RSCA n°3 : Qui détient les compétences et les connaissances ?
Nous sommes le lundi 16 février 2015 à l'hôpital de Nanterre. C'est le début de
ma deuxième semaine en diabétologie, dans un service qui fonctionne comme un hôpital
de semaine, avec un programme d'éducation thérapeutique spécifique.
Le lundi, nous (les internes) accueillons les patients entrants de la semaine, les
interrogeons et les examinons. Souvent, les patients sont hospitalisés pour un
déséquilibre de leur diabète, du à des difficultés d'observance du traitement ou du
régime. Le programme d'éducation, avec des ateliers toutes les après midi du mardi au
vendredi, est là pour les remotiver et/ou les ré-informer.
Ce jour, dans mon unité, arrive un jeune patient d'environ 25 ans, diabétique de
type 1, sans suivi depuis presque 5 ans.
Il vient pour reprendre un suivi, lui qui ne faisait presque plus d'insuline rapide
aux repas. Il sait qu'il a une rétinopathie diabétique, et il sait qu'elle a probablement
progressé ces dernières années.
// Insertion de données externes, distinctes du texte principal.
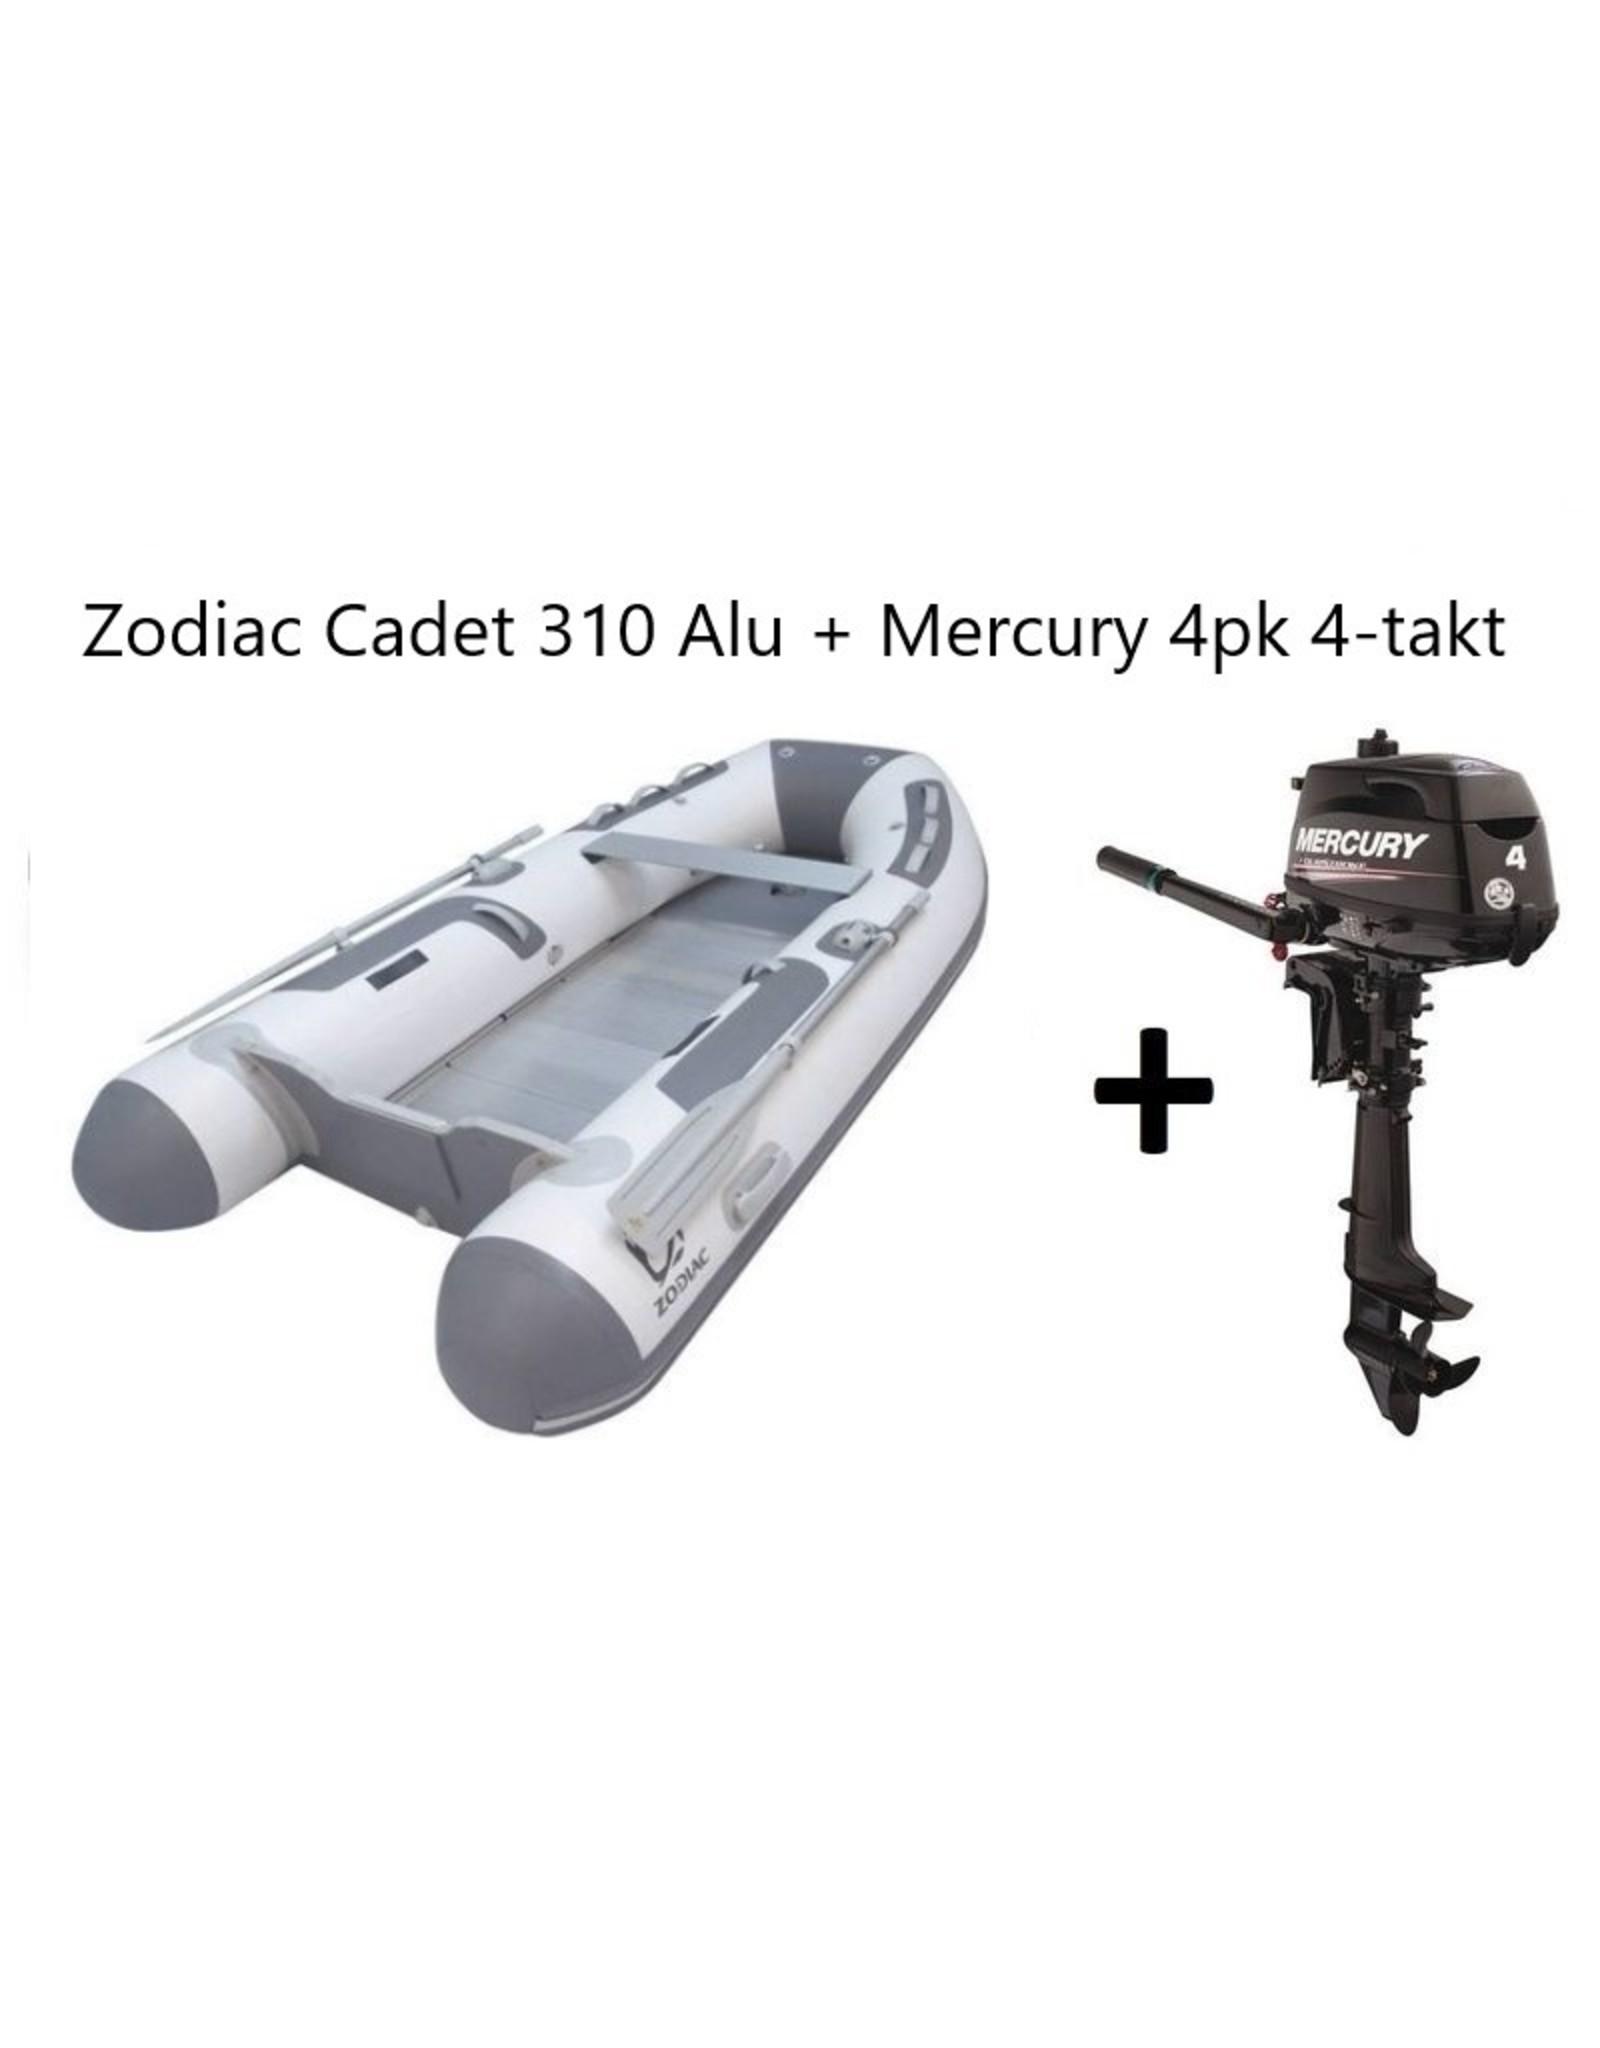 Zodiac Zodiac Cadet 310 Alu + Mercury 4pk 4-takt (Vaarbewijsvrij!)

Je me rends compte au fur et à mesure de la
conversation que je n'ai pas grand chose à lui apprendre sur sa maladie, chronique, et
que les médecins qui l'ont suivi au préalable l'ont très bien informé : causes, traitement,
complications, suivi… Je prends presque un cours complet après une semaine de stage
de diabétologie, par un patient.
Ce n'est pas la première fois que j'ai cette sensation en discutant avec un patient
jeune, atteint d'une maladie chronique. Il me rappelle une jeune patiente atteinte de
mucoviscidose, transplantée pulmonaire, que j'avais suivie en tant qu'externe. Elle
connaissait mieux (et de loin) sa pathologie que moi.
Cette sensation au cours de la consultation que la connaissance médicale est
entre les mains du patient, qui peut donc faire un choix en connaissance de cause, que
nous l'approuvions ou non ; et qu'il soit validé par les recommandations de bonne
pratique ou non, me donne envie de féliciter les médecins qui l'ont suivi par le passé.
Mais pourquoi a-t-il rompu le suivi ?
Suite à cet entretien, je repense à ce que l'on a essayé de nous transmettre à la
faculté : informer les patients pour qu'ils deviennent acteurs de la prise en charge de
leur pathologie chronique. Au cours de cette "consultation", le patient avait toutes les
cartes en mains pour comprendre la gravité de son diabète, s'il le laissait évoluer sans
suivi. Malgré tout, il a rompu le suivi, à peu près au moment où il est passé d'un hôpital
pédiatrique à un hôpital d'adultes. Nous en avons discuté, et il avoue être revenu vers les
médecins car toute sa vie était stable, mais que sa santé le préoccupait depuis de longs
mois déjà. Il était chef de son entreprise, vivait seul, mais la fatigue et les troubles visuels
qu'il avait supportés depuis plusieurs années l'ont incité à revenir.
En rentrant chez moi, bien que je comprenne la difficulté d'être atteint d'une
pathologie chronique dès ses plus jeunes années, j'ai vérifié quelles étaient les
recommandations actuelles pour le suivi d'un patient diabétique de type 1 ; puis je me
suis questionné sur la place de l'éducation thérapeutique des patients atteints de
maladie chronique, pour éviter les ruptures de suivi.